Egypt: Christians flee town after militant threats

By MAGGIE MICHAEL, Associated Press
– 23 hours ago   

CAIRO (AP) — Coptic Christian families have fled their homes in a 
town in Egypt's Sinai Peninsula, fearing for their lives after receiving death 
threats from suspected Islamic militants, a local priest said 
Thursday.

Father Youssef Sobhi said that Islamic militants dropped leaflets on the 
doorsteps of shops owned by Copts in the city of Rafah 
near the border with Gaza and Israel, ordering them to leave town within 48 
hours and making an implicit warning of violence if they failed to 
do so. Two days later, masked militants on a motorcycle opened fire on 
one of the shops before speeding off, Sobhi said. No one was hurt in the 
shooting.

When Christians met Tuesday with the province's top 
government official, who was recently appointed by Egypt's new Islamist 
president, Mohammed Morsi, the governor promised to facilitate the 
Copts' move to the nearby city of el-Arish but did not offer to protect 
the community to ensure that it stayed in Rafah, according to the 
priest.
"I was shocked at the governor's response," Sobhi said. "This is simply 
displacement by the government's consent."

An Egyptian intelligence official confirmed that a number of Coptic 
families had fled Rafah because of a militant threat. Another security 
official denied the reports and said that no Christians were forced to 
leave.
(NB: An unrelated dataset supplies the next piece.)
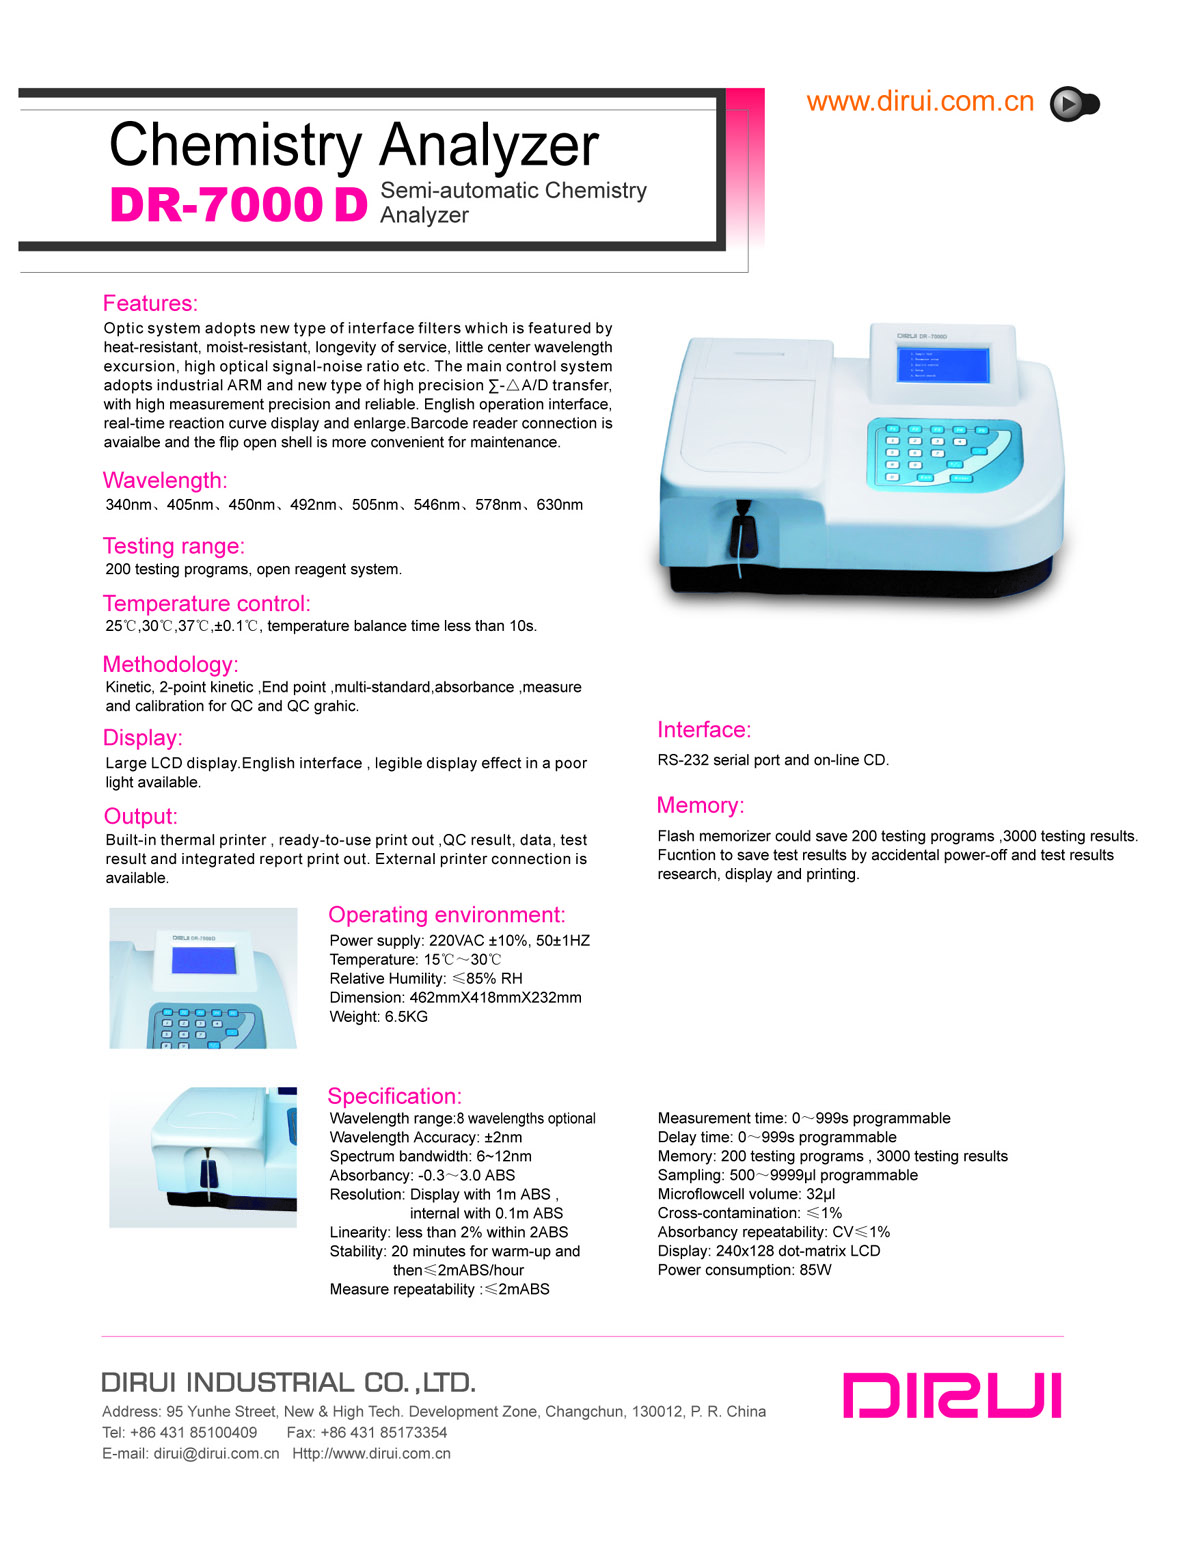 DR7000D Semi-automatic chemistry analyzer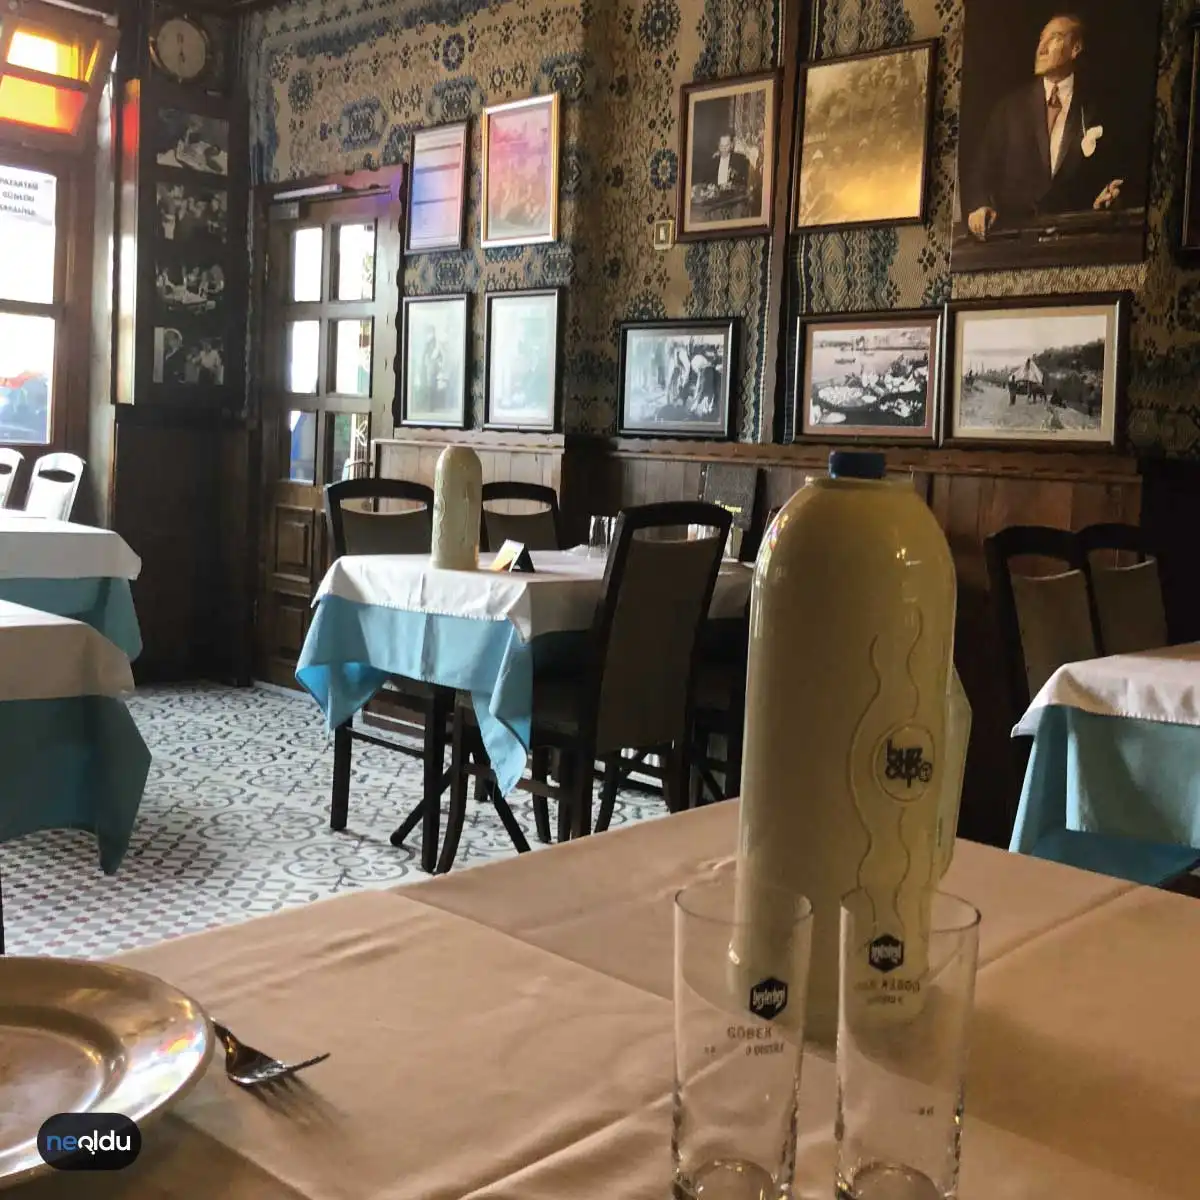 İstanbul'un En İyi Meze Restoranı

Both officials spoke on condition of anonymity because they are 
not authorized to brief the media.

It was not exactly clear how 
many Christians have left the town, but Sobhi said that the number of 
Copts in Rafah had dwindled from 14 families to two since the uprising 
that pushed longtime autocrat Hosni Mubarak from power in February 2011.

A first wave left Rafah after the only church in the town, The Holy 
Family Church, was looted, torched and destroyed in several militant 
attacks over the past year. The church is built on the site where 
Christians believe the Holy Family first stopped to rest after crossing 
into Egypt.

Sobhi was in the first group of Christians to flee, although he returns 
frequently to Rafah check on his parish.

Mamdouh Nasef, the Coptic shop owner who recently came under attack, said that 
his Muslim neighbors are urging him to stay and pledging to protect him.

"They can't guard me 24 hours a day, and I fear for my children," Nasef said 
by telephone. "My children were born here and Muslims here are like my 
brothers."

Nasef is still in Rafah, but plans to return to his hometown in southern Egypt.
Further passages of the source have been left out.